The Navy’s message is clear: self-deprecating meta-comedy and impressive low-budget production values will not be tolerated in today’s military.

Or, if you want to look at it from the civilian side of things, it’s good and right to support the troops who protect our freedom, but let’s not go nuts supporting their freedom of speech.

In the video described above, which can be viewed at, Honors, dressed as a “cool” Air Force aviator, calls Honors, dressed as a “nerdy” Surface Warfare Officer, a “fag SWO boy.” But he’s using the gay slur the way kids in Little League use it, before they have any real clue what homosexuality is — or, for that matter, who Peter Sellers and Dr. Strangelove are.

On January 5, one day after Honors’s dismissal, the Wall Street Journal published an article entitled “Are Americans Wusses or Just Fond of Trash Talk?” in which Jeffrey Zaslow writes that “linguists are noticing that our word choices [regarding issues of human weakness, such as ‘wuss’] are often unwittingly rooted in sexism or homophobia.” Late last month Pennsylvania governor Ed Rendell called the United States “a nation of wusses” after the NFL postponed an Eagles-Vikings game on account of snow, but when asked if he knew the origin of the offending word — a combination of “wimp” and “pussy” — he admitted he hadn’t a clue.

“There are those who believe a word ought to always mean what it always meant, but that’s not how language works,” Michael Adams, an English-language historian and author of Slang: The People’s Poetry, told Zaslow. “Words like ‘wuss’ and ‘wussy’ can end up de-vulgarized after awhile.”

A word like “fag,” on the other hand, is by no means devulgarized or any less charged in today’s culture — unlike “gay,” it doesn’t have a sex-neutral meaning unless you’re a smoker who lives in England — but it’s hard not to think that if the military’s “don’t ask, don’t tell” ban hadn’t been repealed last month, Honors would still have his job. Does it matter that when Honors’s aviator alter ego calls his SWO alter ego a “fag,” the SWO returns the compliment with his middle finger? The SWO’s masculinity is being challenged, but not his sexuality. It’s the difference between, say, “homosexual” gay and “my parents are chaperoning the dance” gay.

Wait, why does that sound familiar?

Oh, right, it’s because back in September, in the wake of anti-bullying protests from the Gay & Lesbian Alliance Against Defamation (GLAAD) and CNN anchor Anderson Cooper, Universal Pictures yanked its initial trailer for The Dilemma, the new Ron Howard-directed comedy starring Vince Vaughn that opens this Friday. In the retracted (redacted?) trailer Vaughn’s character pitches his auto-design company’s new engine by stating, “Ladies and gentlemen, electric cars are gay. I mean, not ‘homosexual’ gay, but — you know — ‘my parents are chaperoning the dance’ gay.”

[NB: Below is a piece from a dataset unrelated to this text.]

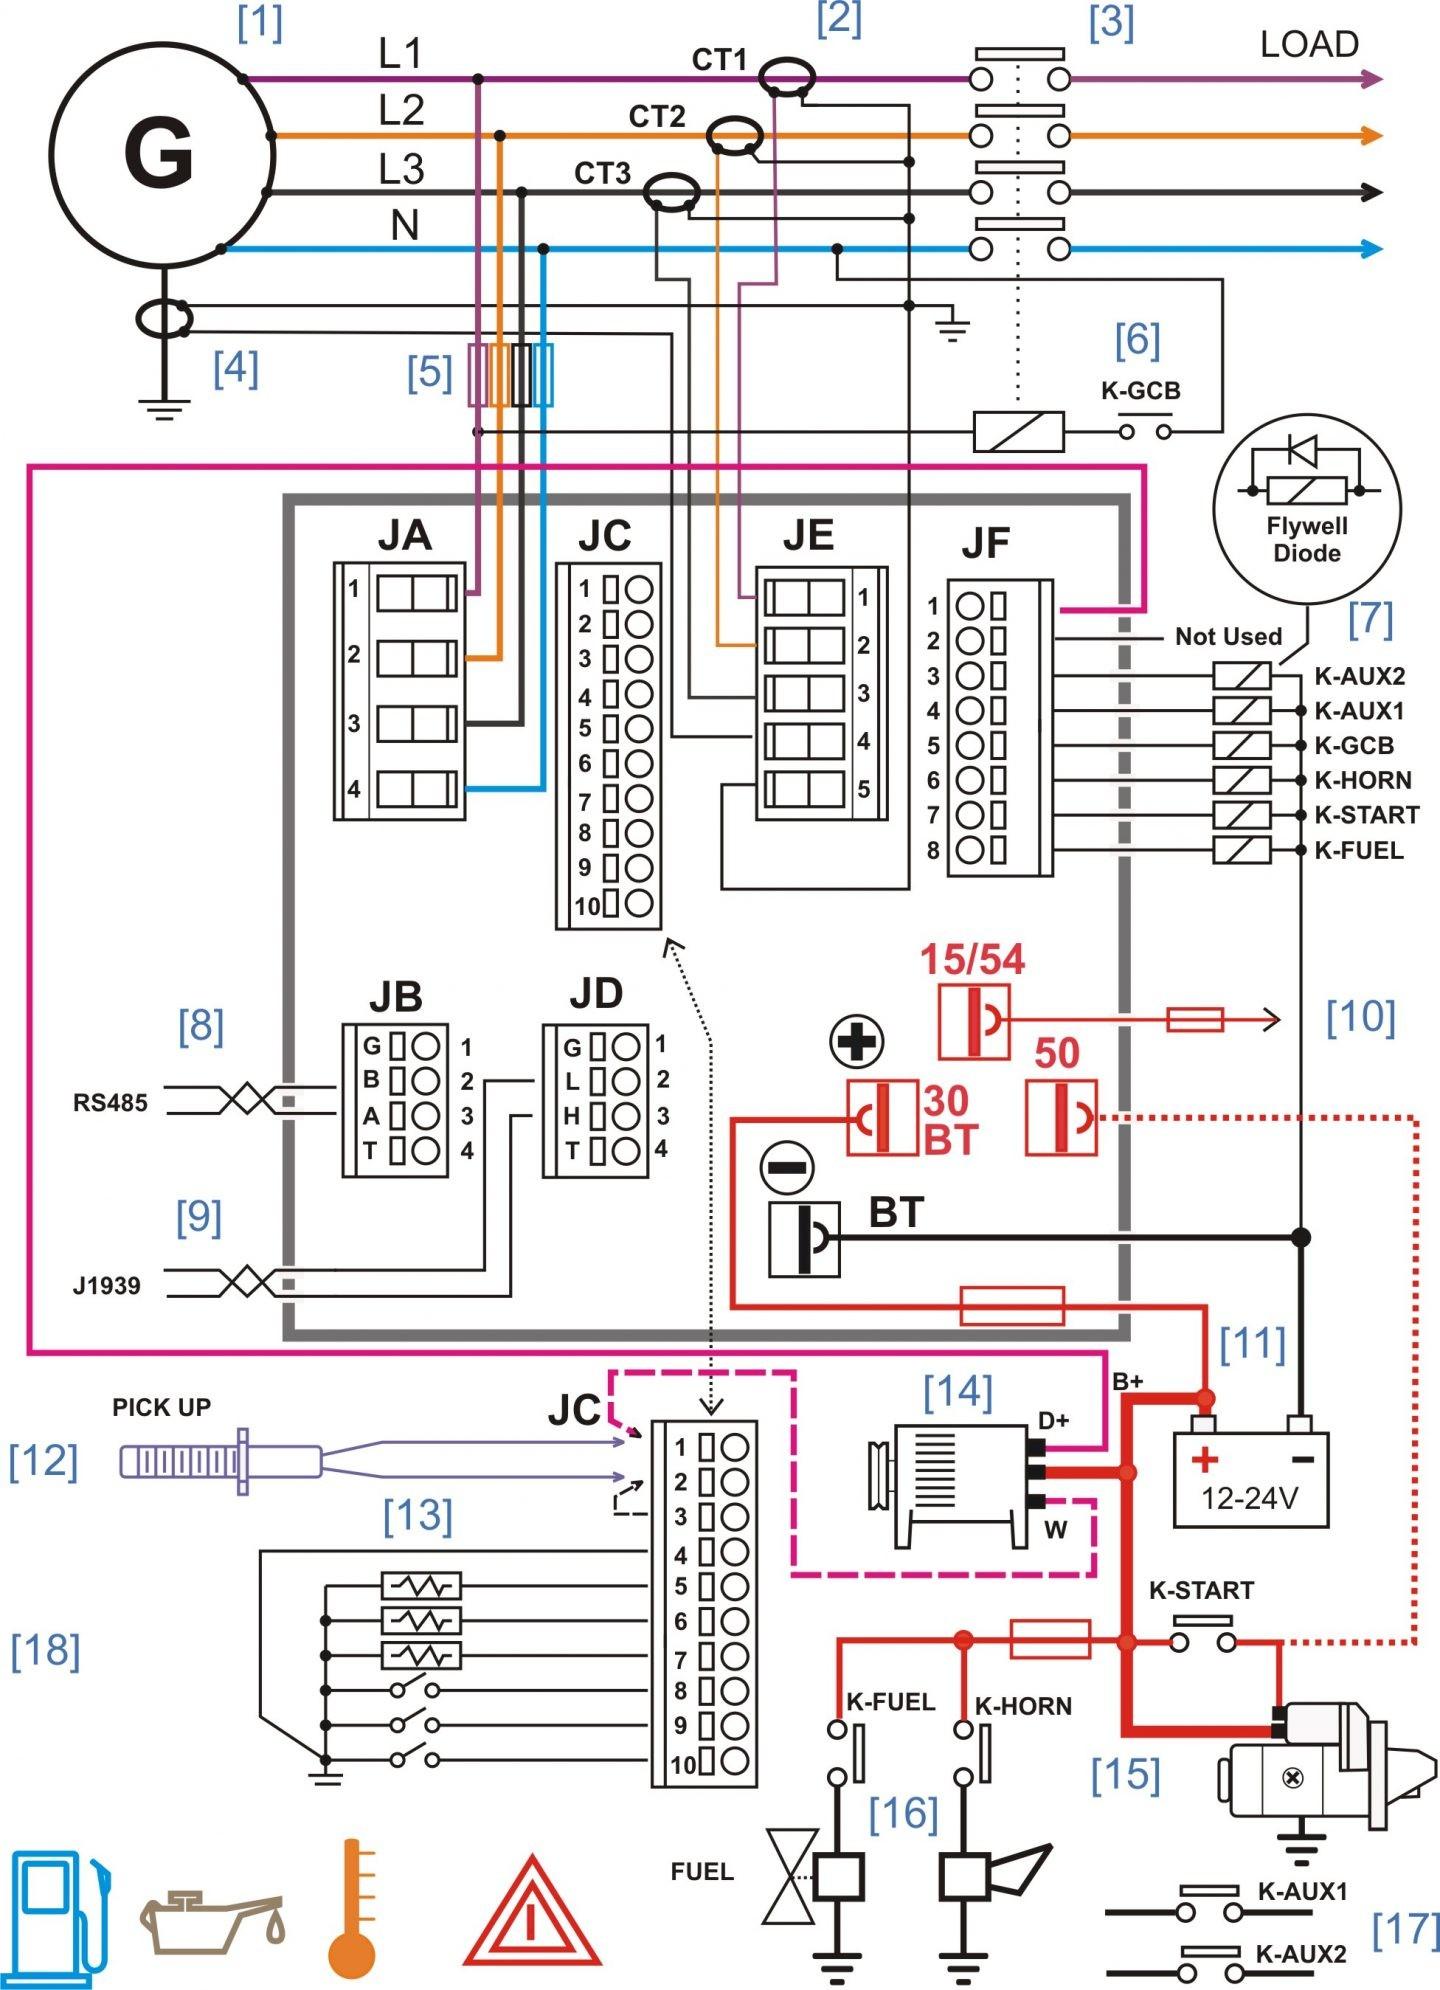 Diesel Generator Control Panel Wiring Diagram And Relay Pdfr Antenna Reverse Electric Fan Power Window Lighting

Look, I understand how “fag” can raise anybody’s hackles, but why does the sexual orientation of Herbie the Electric Love Bug constitute anti-gay bullying? Honestly, the worst stereotype perpetuated by The Dilemma is that guys who look like Vince Vaughn and Kevin James end up with women who look like Jennifer Connelly and Winona Ryder.

I’m guessing this film won’t be shown as part of the Enterprise‘s new “zero-tolerance movie night.” (The revised, anti-“gay” — but not anti-gay — trailer for The Dilemma features Cee Lo Green‘s big hit of 2010, “Fuck You,” as background music, though it’s the radio-friendly version of the song, which is titled “Forget You.” Coincidence?) But does this mean Anderson Cooper has finally come out of the—

On second thought, it’s probably best that I don’t wade into those waters, which now seem almost as treacherous as the ones the crew of the USS Enterprise have sailed into near Iraq and Afghanistan. But, after all, that’s their job. And as Bruce Fleming, an English professor at the U.S. Naval Academy, wrote in an op-ed piece for the Washington Post last Friday, “The military’s mission is to exert force and possibly kill people. It cannot work within the rules of civilian office culture.” In other words, running out of staples can be a bitch, but running out of ammo is something else entirely.

Fleming added, “Yes, the captain uses a slur [in the video], but not to make fun of gay people. Everything depends on context — in this case, the insular confines of a ship at sea.” Honors’s videos were produced for sailors — who, from what I’ve been told, traditionally like their language on the salty side — not the general public back on dry land.

“Since his dismissal,” reported the Baltimore Sun‘s Susan Reimer, “several thousand sailors have risen to support him on Facebook and in the media, including gay and female sailors. Not only did they find him an excellent leader, but they thought his movies were funny and good for morale.”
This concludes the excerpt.